─── INFORMATION PROVIDED

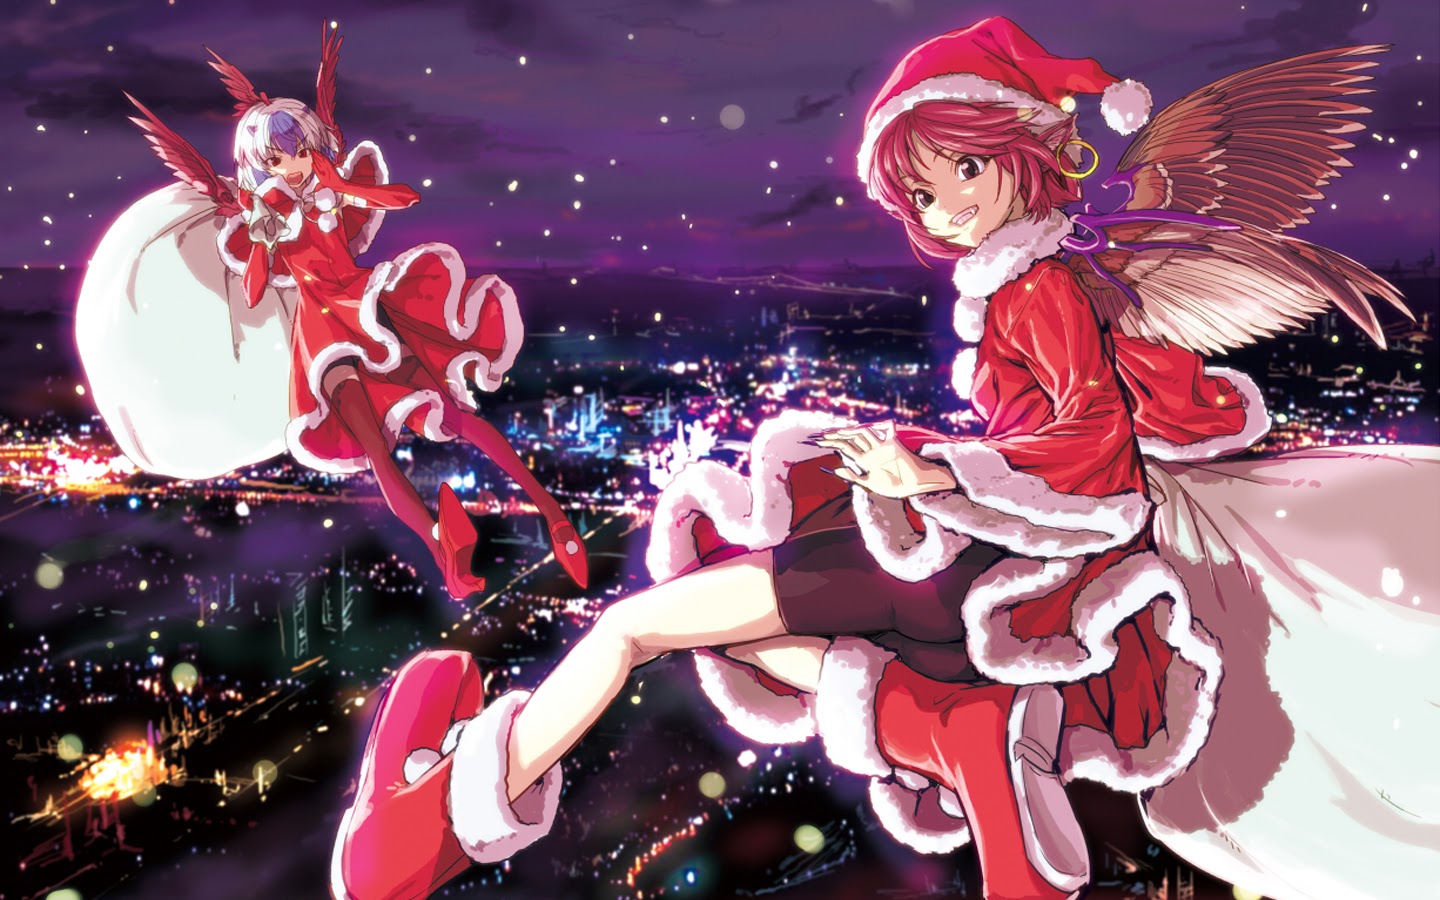 58 Anime Christmas Wallpapers On Wallpapersafari
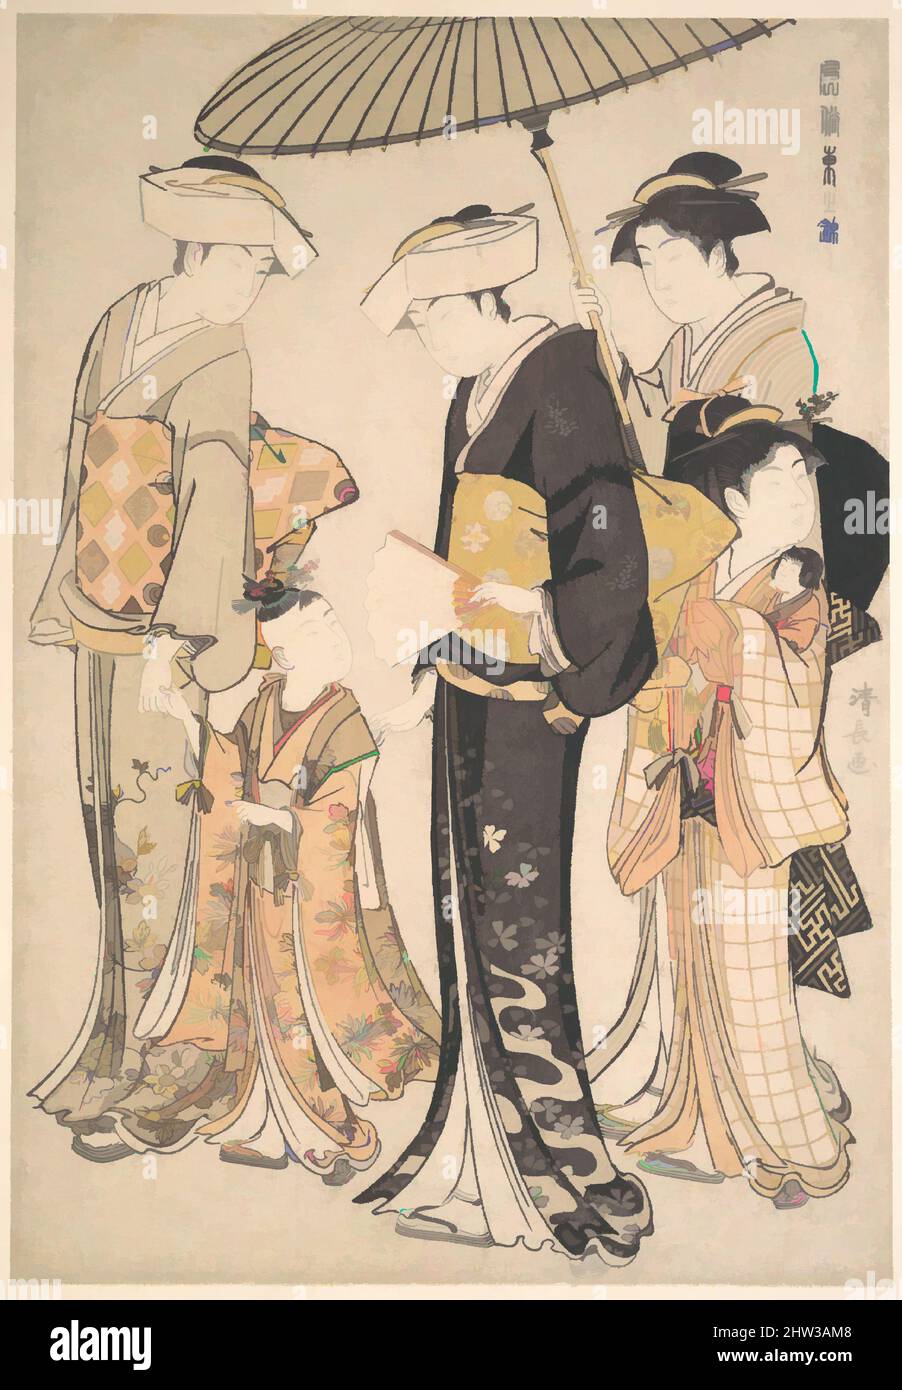 Kunst inspiriert von 「風俗東之錦」 姫君と侍女四人, hochrangige Samurai Girl mit vier Teilnehmern, aus der Serie A Brocade of Eastern Manners (Fūzoku Azuma no nishiki), Edo-Periode (1615–1868), ca. 1784, Japan, Polychromer Holzschnitt; Tinte und Farbe auf Papier, 15 x 10 Zoll (38,1 x 25,4 cm), Drucke, von Artotop modernisierte Klassiker mit einem Schuss Moderne. Formen, Farbe und Wert, auffällige visuelle Wirkung auf Kunst. Emotionen durch Freiheit von Kunstwerken auf zeitgemäße Weise. Eine zeitlose Botschaft, die eine wild kreative neue Richtung verfolgt. Künstler, die sich dem digitalen Medium zuwenden und die Artotop NFT erschaffen Stockfoto
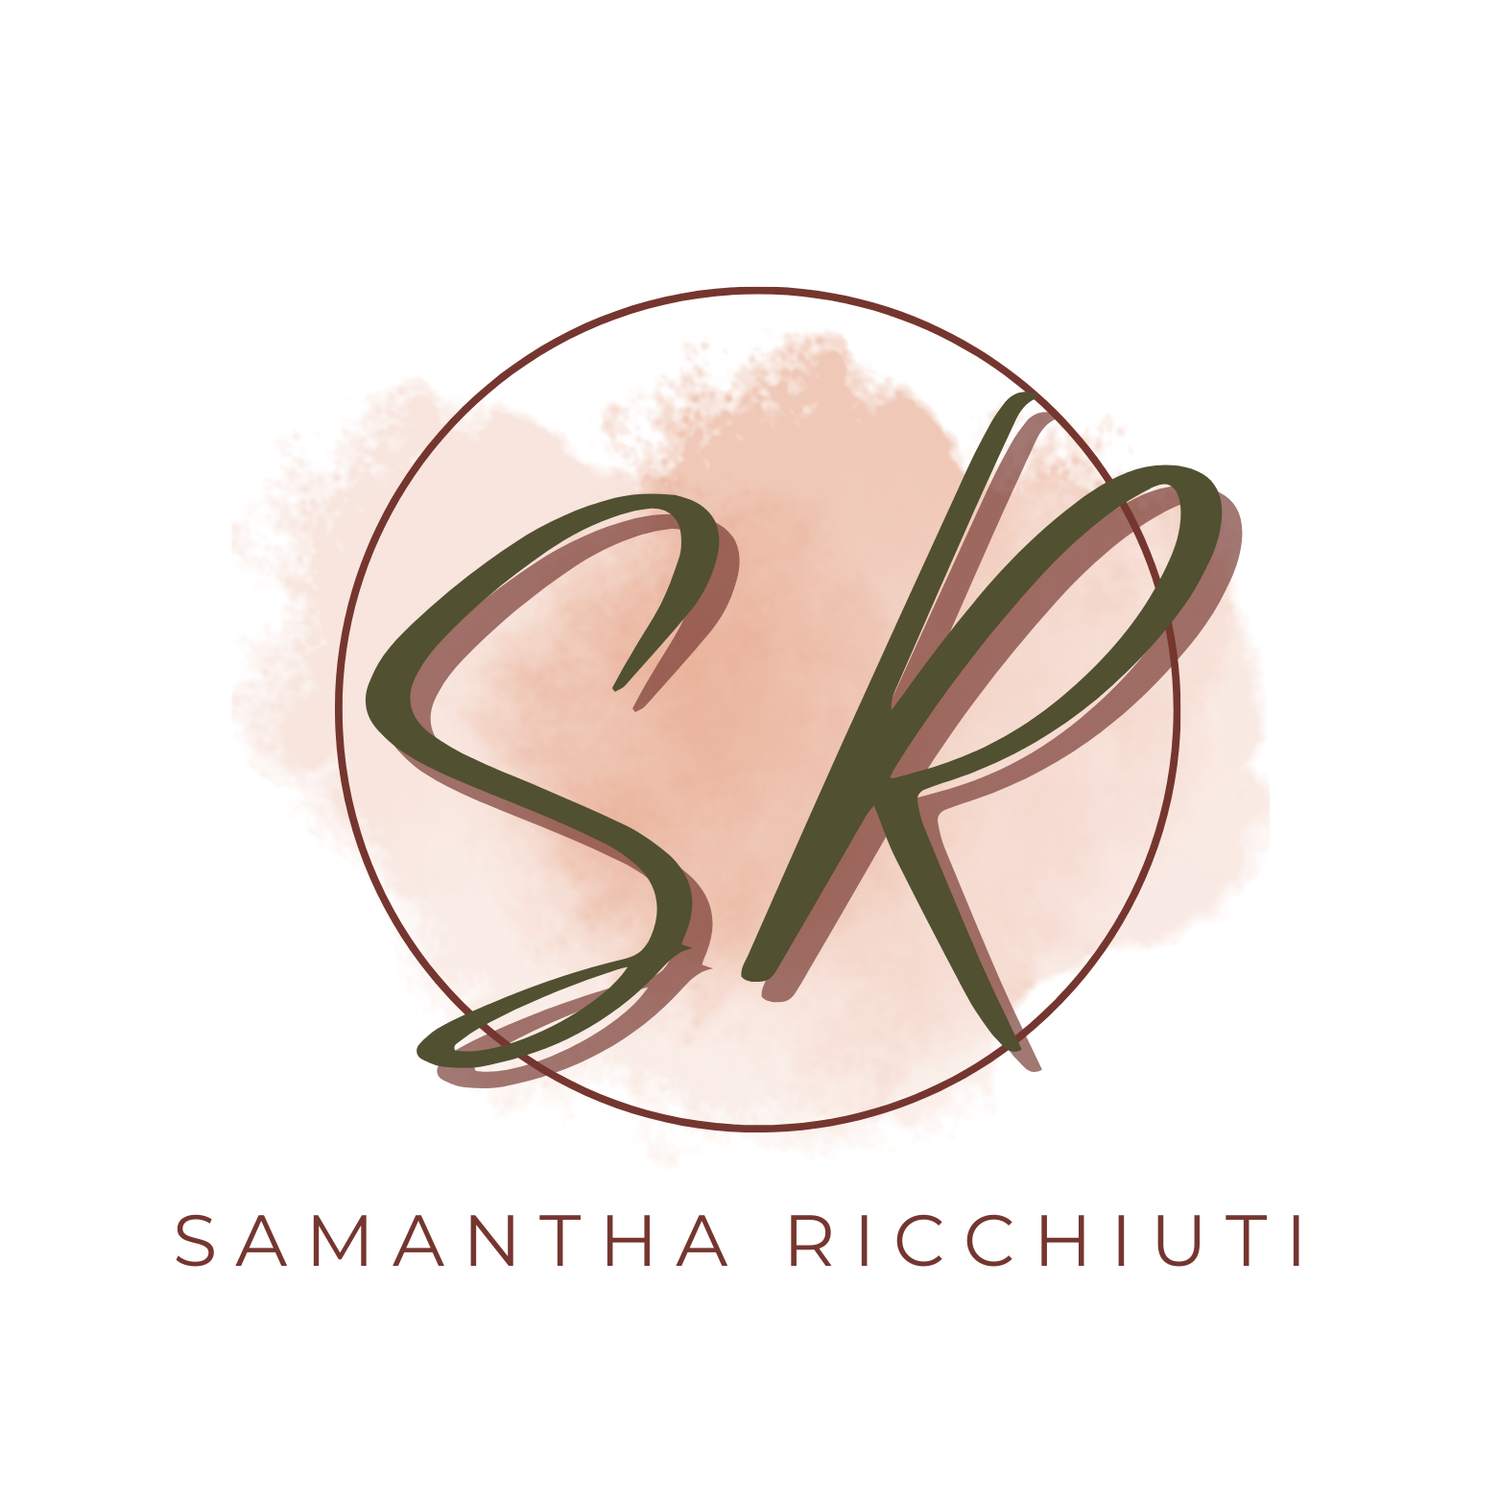 Samantha Ricchiuti

──────

| WORK TO BE COMPLETED |
None of the pictures should be carried over when the data above is transcribed exactly.

| TASK RESPONSE |
 58 Anime Christmas Wallpapers On Wallpapersafari
 Kunst inspiriert von 「風俗東之錦」 姫君と侍女四人, hochrangige Samurai Girl mit vier Teilnehmern, aus der Serie A Brocade of Eastern Manners (Fūzoku Azuma no nishiki), Edo-Periode (1615–1868), ca. 1784, Japan, Polychromer Holzschnitt; Tinte und Farbe auf Papier, 15 x 10 Zoll (38,1 x 25,4 cm), Drucke, von Artotop modernisierte Klassiker mit einem Schuss Moderne. Formen, Farbe und Wert, auffällige visuelle Wirkung auf Kunst. Emotionen durch Freiheit von Kunstwerken auf zeitgemäße Weise. Eine zeitlose Botschaft, die eine wild kreative neue Richtung verfolgt. Künstler, die sich dem digitalen Medium zuwenden und die Artotop NFT erschaffen Stockfoto
 Samantha Ricchiuti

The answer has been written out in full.